Photo: Illustration: Ellis Hamburger
One of the more undercover iOS-inspired features added to Mac OS X Lion is Automatic Termination, which kills any app you haven’t used for a while.It only happens if you don’t have any windows open in a given app, but it can be inconvenient if you’re used to (Apple+Tab)’ing your way between apps you’re running.
TidBits noticed the new feature, which wasn’t publicized (unlike other iOS-inspired features like Auto-Save).
According to Apple, Automatic Termination only occurs if “applications that are not in use [need] to reclaim needed resources such as memory.”

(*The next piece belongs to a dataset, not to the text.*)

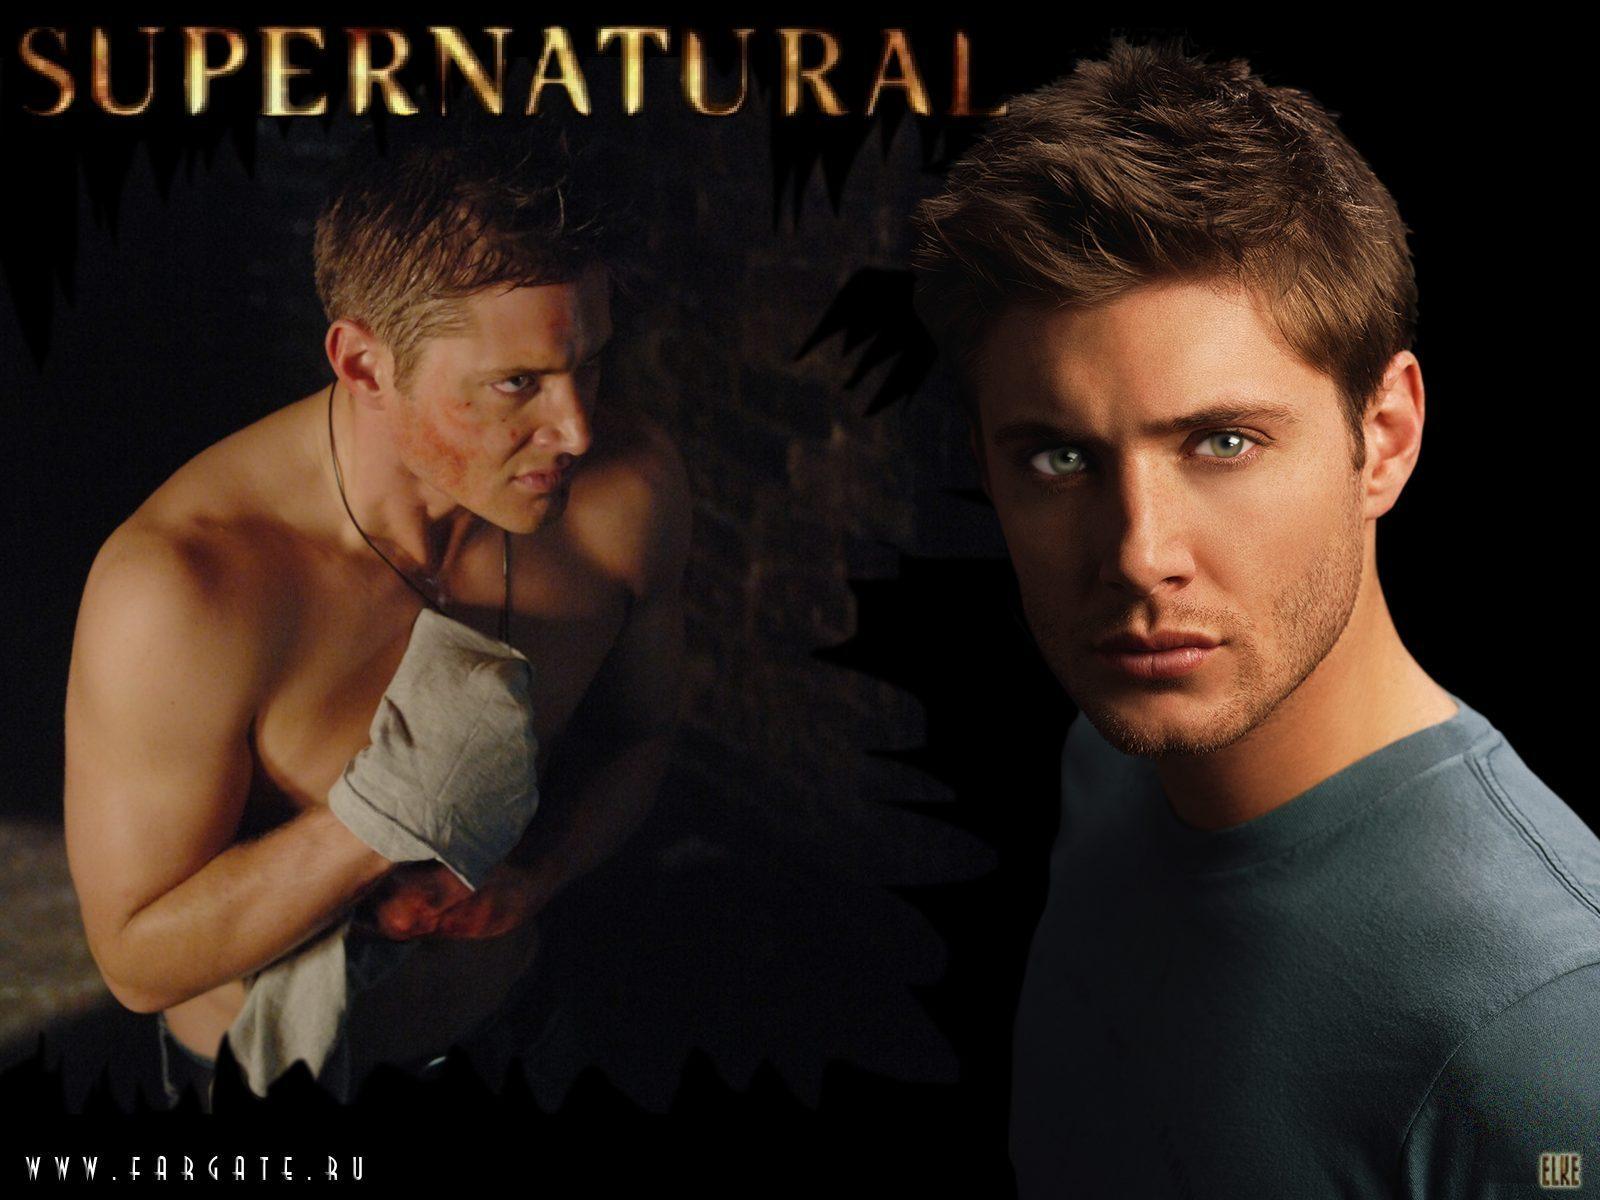 https://1.bp.blogspot.com/-rOLwKSt3d6w/TiiHYR5q8DI/AAAAAAAAAOw/rdKiolNucoM/s1600/Dean-Winchester-supernatural-6375432-1600-1200.jpg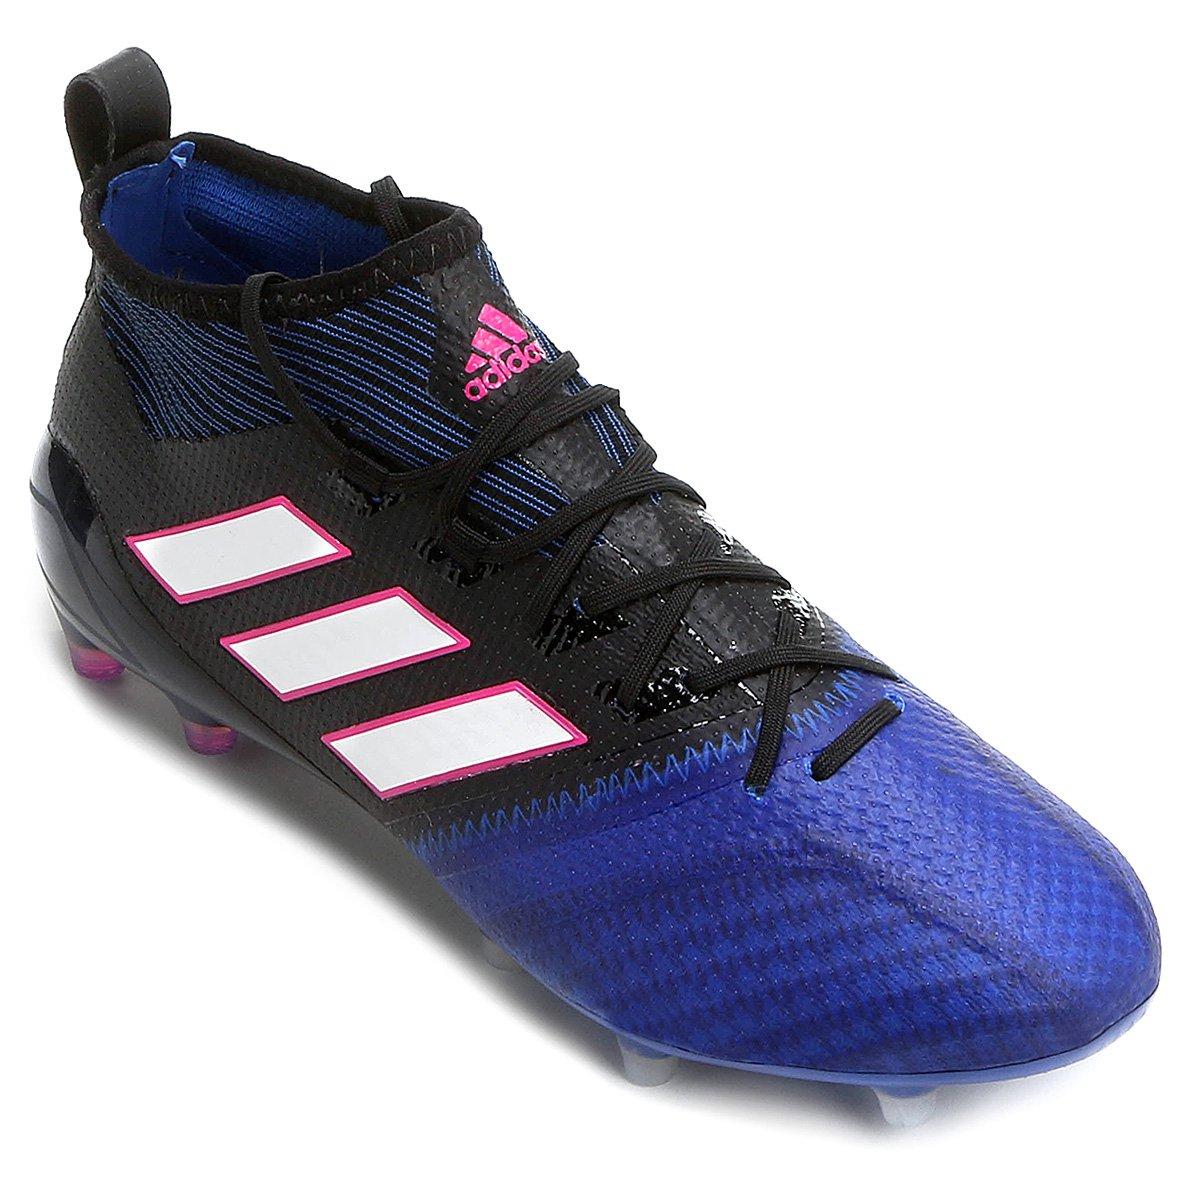 f3c75db6553 Chuteira Campo Adidas Ace 17.1 Primeknit FG - Preto e Azul | Allianz ...

But today, computers have far greater amounts of resources than iPhones or iPads, and we can manage our own open apps, thank you very much.
It doesn’t take a genius to figure out that having 10 apps and eight browser tabs open will slow down your computer, and there’s no way to disable Automatic Termination. It sounds like a good idea in theory; the bigger bother is that there’s no choice to turn it off.
Fortunately, in order to prevent Automatic Termination from occuring, keep a window open in an app you’re not using like TextEdit or Preview. There aren’t any third party apps taking advantage of the new “feature” just yet.
Haven’t experienced termination before? Try it out via these instructions from TidBits:
Try this experiment in Mac OS X 10.7 Lion. Start up TextEdit. Close any open document windows. You’ll notice, from the name of the application appearing next to the Apple menu, that TextEdit is still running (it isn’t one of those applications, like System Preferences, that quits automatically when its last window closes). Now switch away from TextEdit and do something else for a while. Then use the Command-Tab application switcher to switch back to TextEdit. You can’t. It’s gone. You weren’t actively doing anything with TextEdit — it had no open windows and it wasn’t the frontmost application — so the system quietly told TextEdit to quit. Worse, if TextEdit appears in your Dock only when it’s running and this happens, its Dock icon mystifyingly disappears.